En ese sentido se desarrolló la Doctrina Social de la Iglesia desde la Rerum novarum (1891) y fueron surgiendo los diferentes movimientos de acción social cristiana, entre ellos la HOAC (1946).

¿Cuál ha de ser, en este contexto, la tarea a realizar por toda la sociedad y de una forma más especificada por la HOAC? Se trata de una acción centrada en cuatro aspectos o “claves”:

1º. Acompañar y apoyar a los trabajadores en sus situaciones concretas, especialmente de desempleo, precariedad, abuso o explotación, accidentes laborales…

2º. Promover la toma de conciencia de la realidad socio-laboral a través del dialogo, la difusión de textos de análisis de la realidad, la formación sociopolítica cristiana.

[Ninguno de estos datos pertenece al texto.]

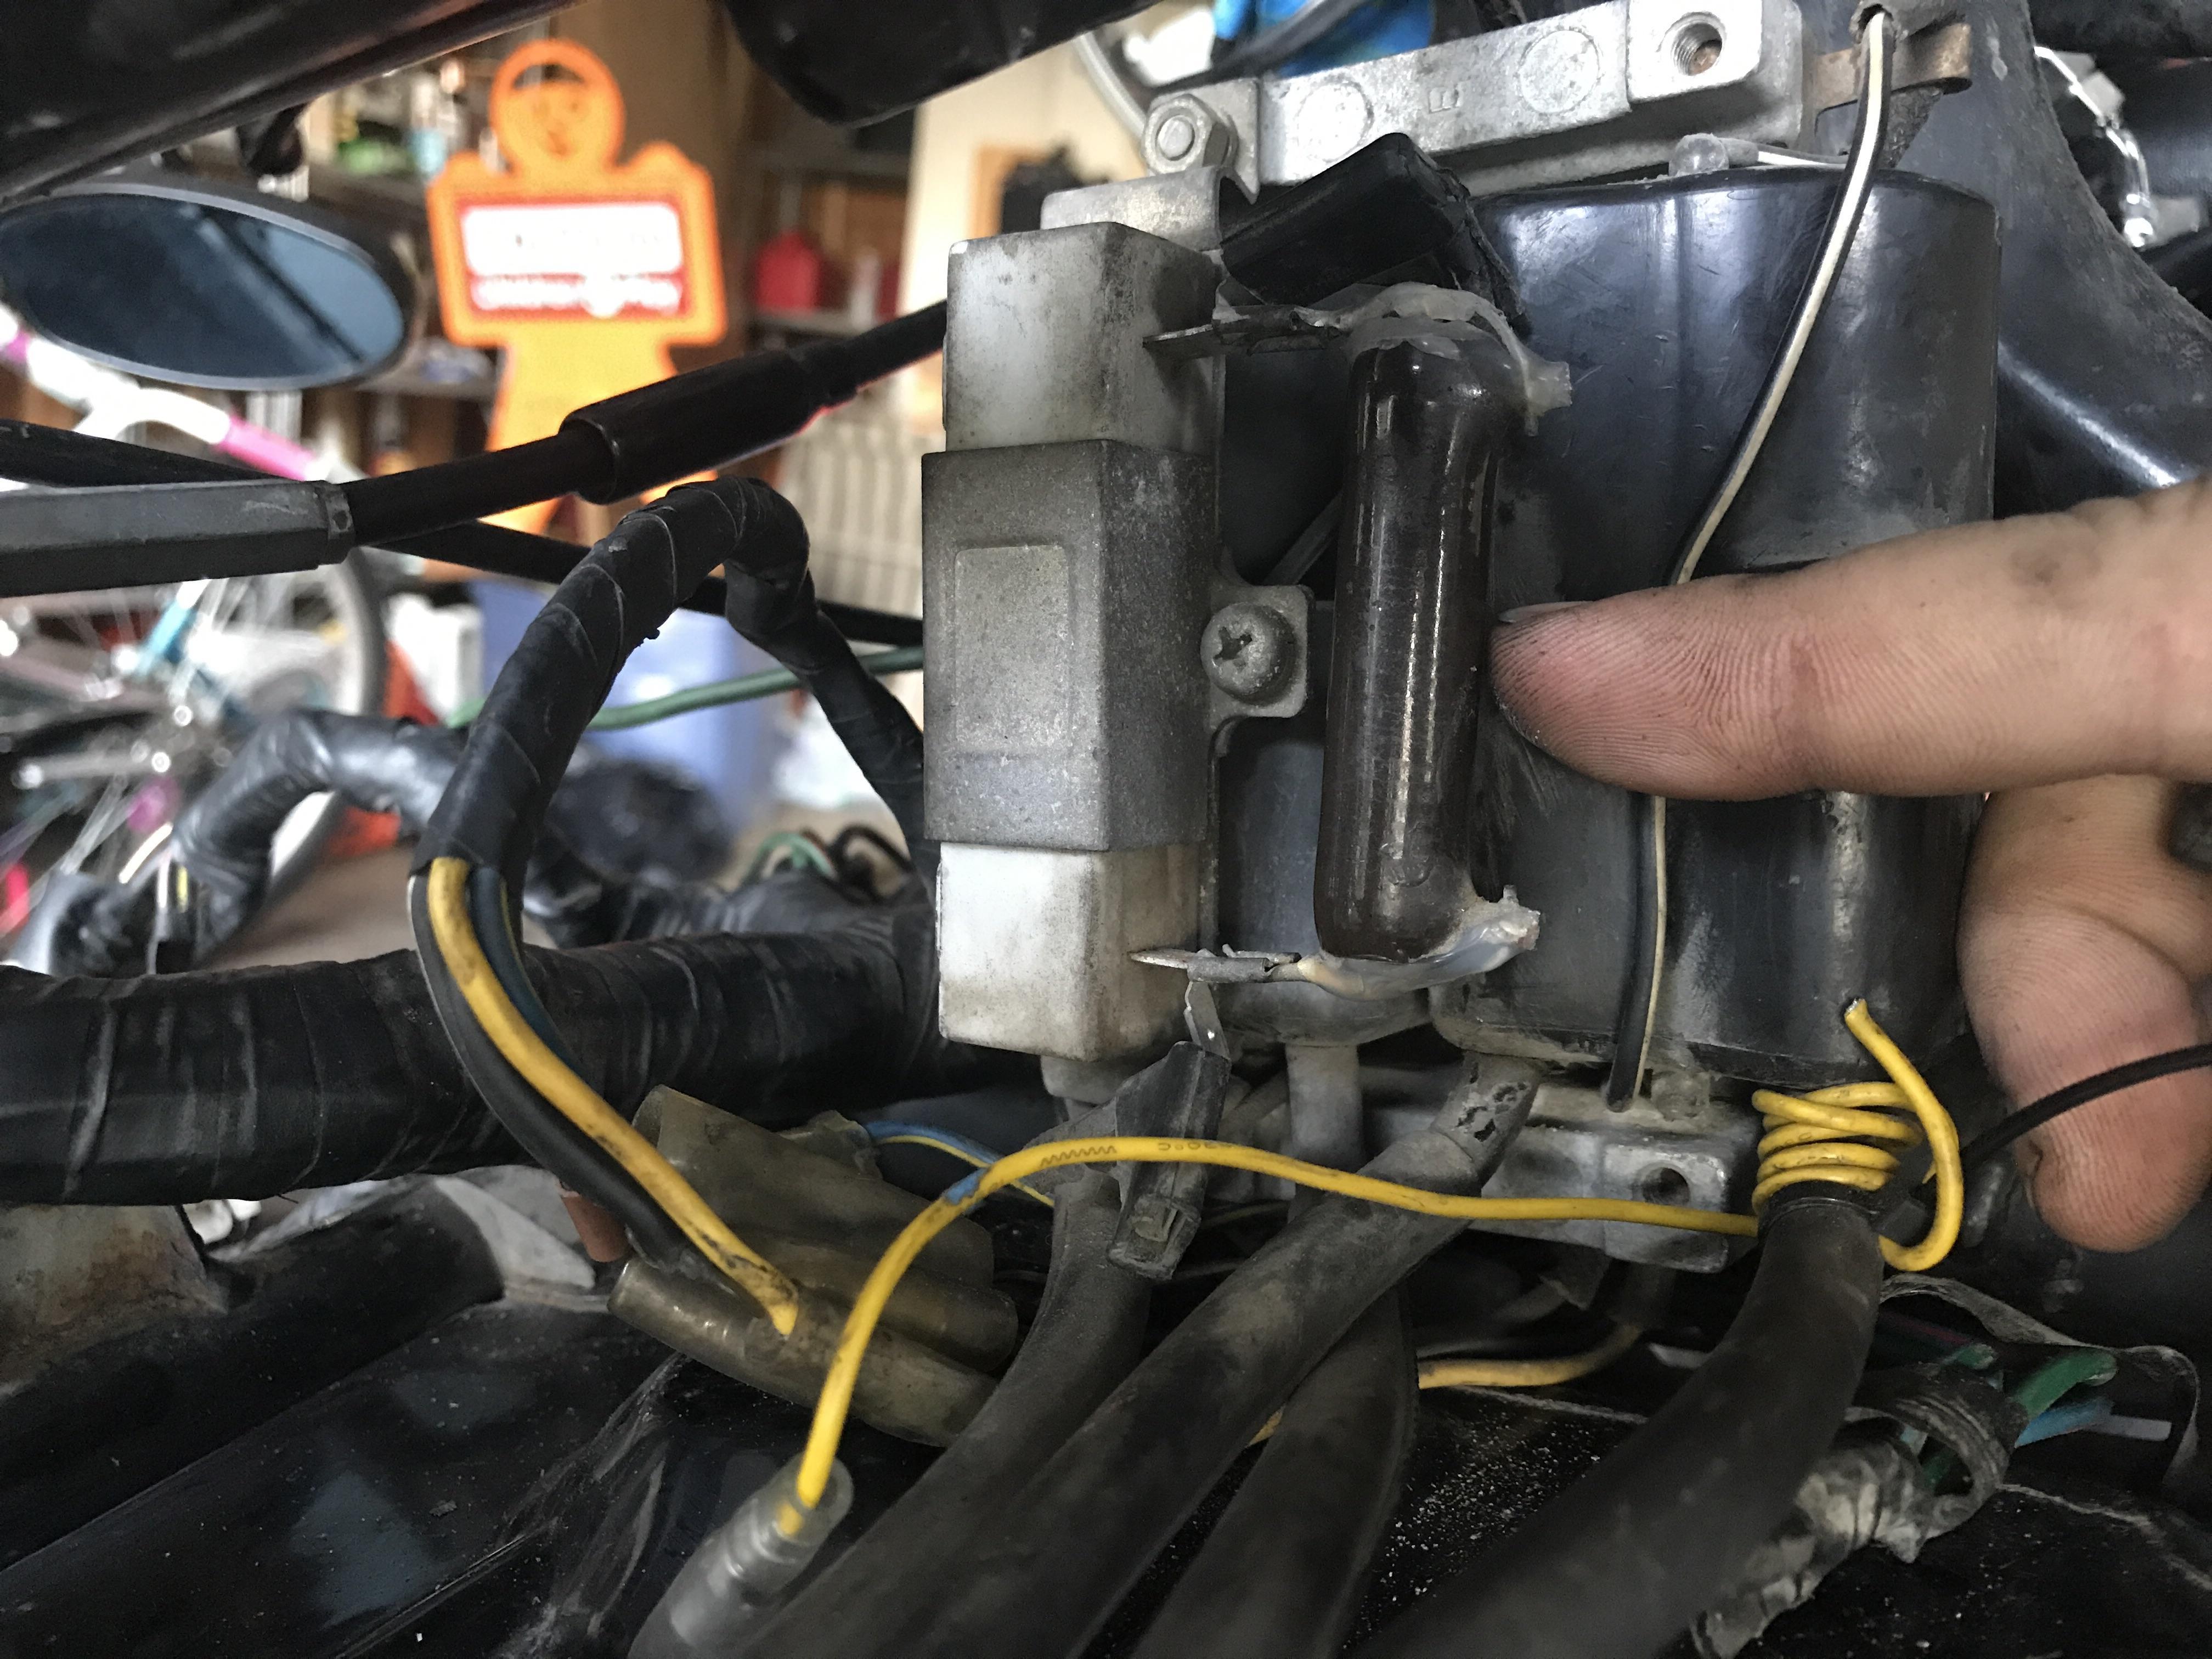 gl1000 wiring harness zs 9077  gl1000 honda goldwing wiring diagram also 1979 honda  gl1000 honda goldwing wiring diagram
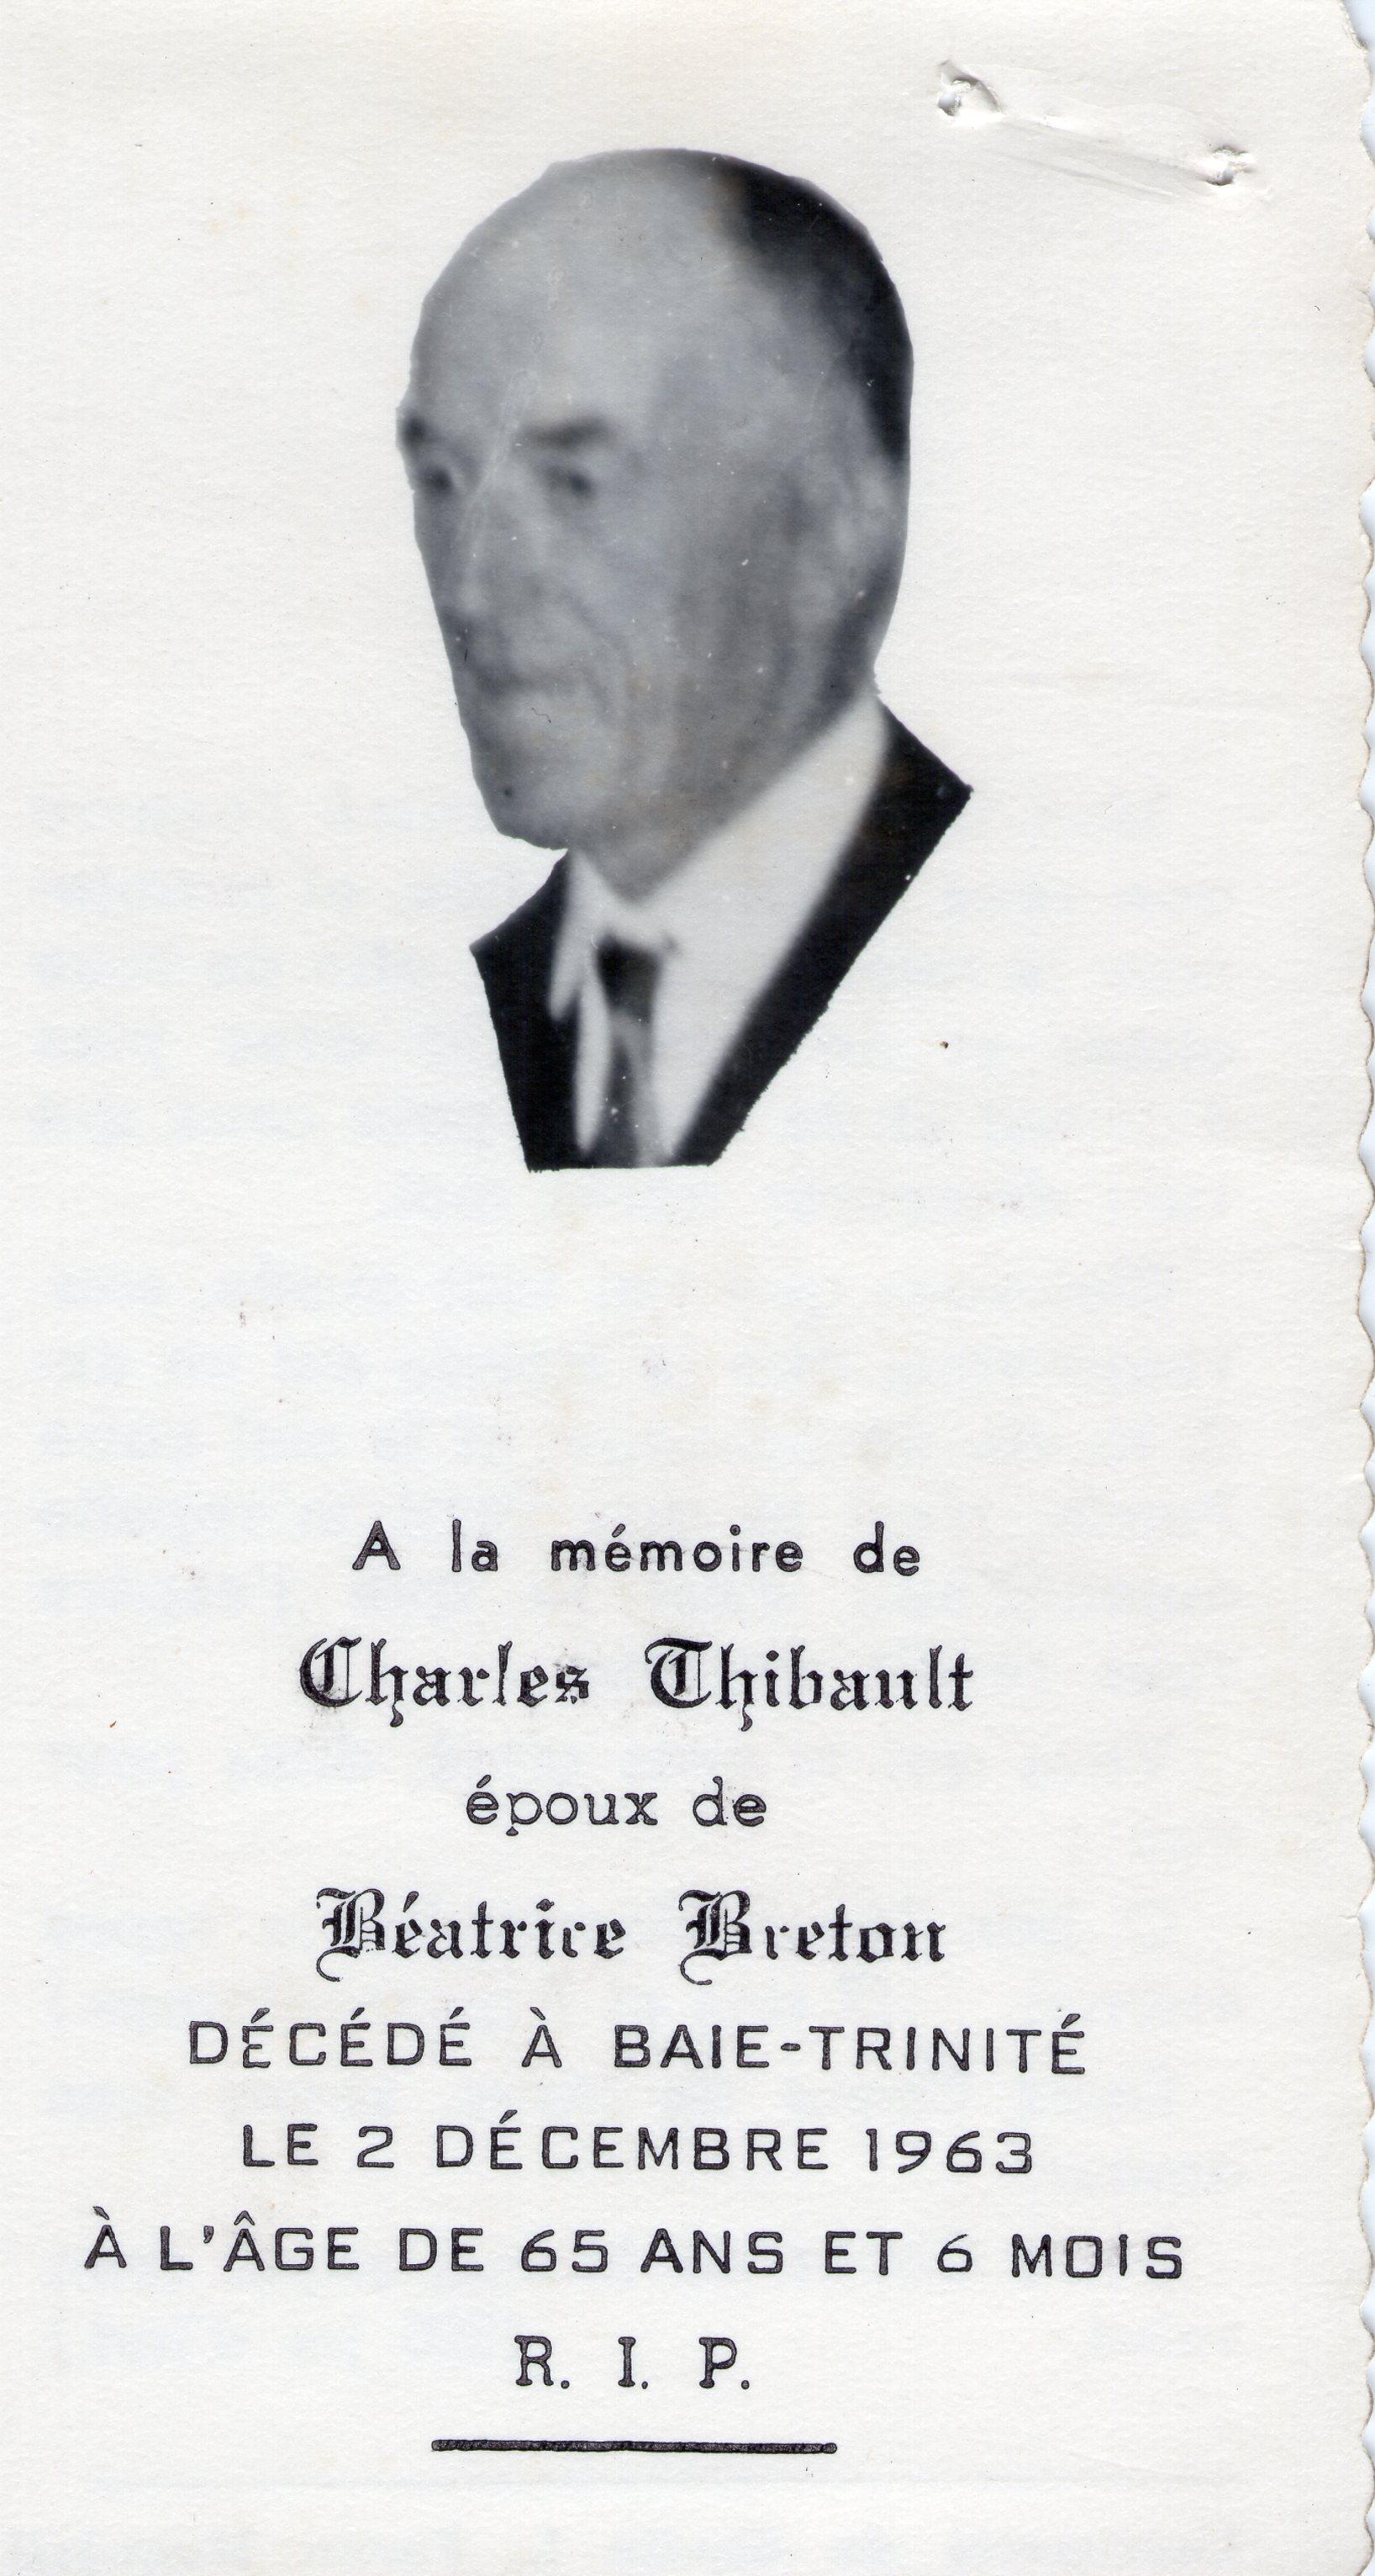 Charles Thibeault 1898-1963

3º. Reclamar los cambios legales e institucionales necesarios para preservar la dignidad y los derechos de los trabajadores, la protección social, la integración de los inmigrantes, la igualdad a efectos laborales de la mujer, el acceso al trabajo de los jóvenes…

4º. Ofrecer formas alternativas de vida y organización económica, laboral, social y política. Un aspecto también acuciante ha de ser promover la política de preservación y cuidado de la Madre Tierra, con sus ramificaciones de carácter industrial, ambiental (contaminación urbana, incendios forestales…), de economía circular…

La HOAC es un movimiento eclesial, pero no ha de acaparar la acción, junto con otros movimientos cristianos, del “Evangelio social” en la Iglesia. Es toda la Iglesia, en su programación y acción pastoral, a todos los niveles, la que ha de conocer y poner en práctica el evangelio y su Doctrina Social. Todos los cristianos, y de modo especial los laicos en las instituciones civiles de las que forman parte, están vocacionados a interpretar  la realidad sociopolítica desde la fe y a promover el cambio o renovación de la estructuras sociopolíticas que determinan decisivamente las condiciones de vida (y muerte) de las personas, el grado de igualdad, justicia, solidaridad –fraternidad– vigente en la sociedad.

Por ello, en su 75° aniversario, la HOAC mantiene en sus manos el timón para orientar, desde el evangelio, la ruta sociopolítica en la sociedad y dinamizar la implicación en la misma de la toda la Iglesia, proclamando: ¡Ahora más que nunca: Trabajo Decente!